FCC About To De-Link Area Codes And Location?
Since the beginning of the telephone system, area codes have been generally strictly tied to the location where the phone was located. Someone in New York City would get a number with a 212 Area Code, New Jersey residents initially got 201, and, of course, the District of Columbia got 202. As time wore on and the number of phone numbers needed began to explode, the old area codes were divided up and new numbers assigned. I can still remember when 201, which by that time was used in Northern and most of Central New Jersey, was divided to make room for 908. Now, that area of New Jersey has six separate Area Codes, including three “overlay codes,” a term used to describe areas that are assigned more than one code. New York City now has six area codes all by itself. At this point, only sparsely populated states are likely to have a single area code, and even those are starting to become rare.
Now, the FCC is considering a proposal that would sever the link between location and Area Codes completely:
Federal Communications Commission Chairman Julius Genachowski wants to change the rules of the telephone numbers game, according to commission officials.

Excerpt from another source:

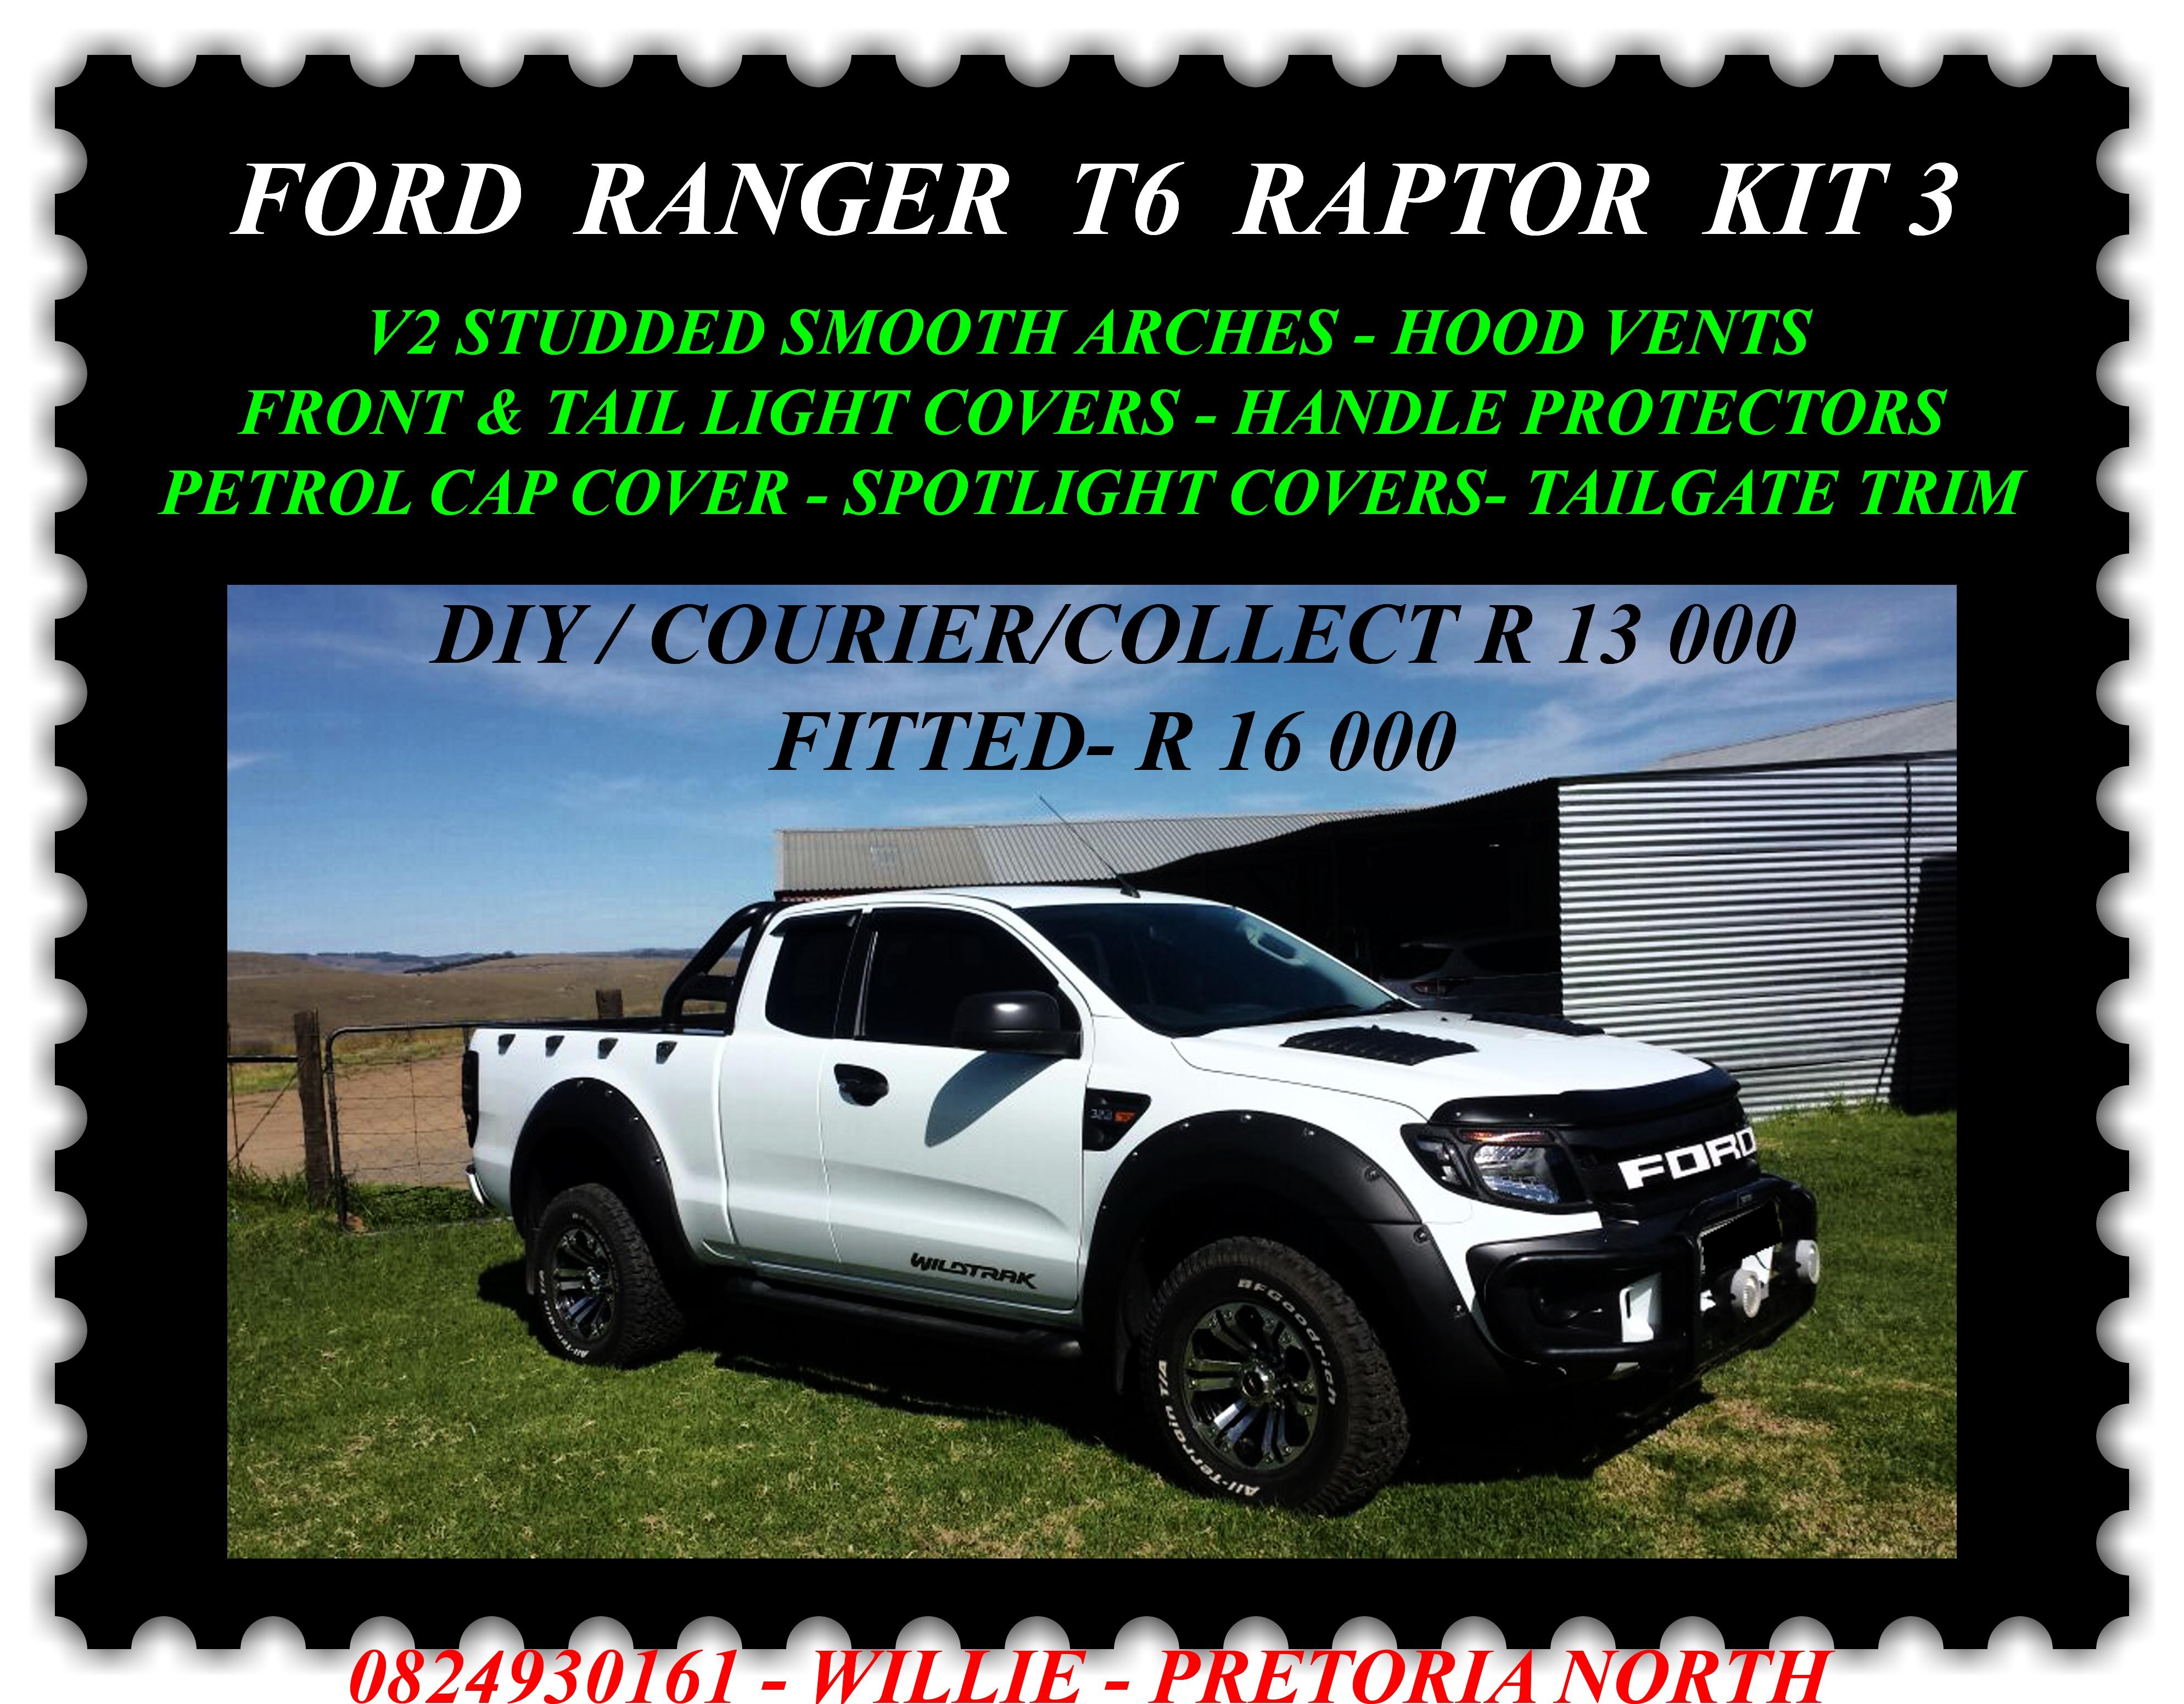 Raptor kit 3 special

Genachowski began circulating a series of proposals among fellow commissioners Wednesday that could make it easier for VoIP (voice over Internet protocol) providers to tap the national telephone numbers pool and eventually sever the relationship between an area code and an actual geographic area, the sources told POLITICO.
The proposals respond to calls by VoIP providers who do not like having to go through a phone-company middleman to get telephone numbers for customers. Numbers may seem prosaic, but they are dear to people’s hearts and a valuable commodity.
While some of these changes are already taking place in the marketplace, Genachowski thinks that modifying the rules can open the door for more services and increase competition, commission aides explained.
“Allowing VoIP providers to obtain telephone numbers directly, and not through intermediate providers, as is generally the case today, has the potential to fuel innovation and promote competition, at the same time we ensure calls are routed reliably and efficiently, protect public safety, and guard against exhaust of limited numbers,” a commission official wrote in an email.
Genachowski’s plan includes a notice of proposed rule-making that seeks comment on new rules governing the way VoIP providers get access to the pool of phone numbers. It also seeks to establish a pilot program to test direct numbers access and launches an inquiry into the way numbers are managed, including their relationship to a geographic area.
“Today, the chairman circulated a proposal to seek public comment on giving VoIP providers direct access to telephone numbers and to permit trials of direct access in selected markets,” the commission official wrote. “This item would advance our ongoing agency-wide effort to modernize our rules for today’s broadband marketplace, while promoting competition, protecting consumers, and ensuring public safety.”
If adopted, this would likely be the first step in a process that will eventually make location irrelevant when it comes to assigning area codes. In an era of cell phones, VoIP, and calling plans that make the idea of “long distance” telephone calls seem like an anachronism, this seems like an inevitable outcome.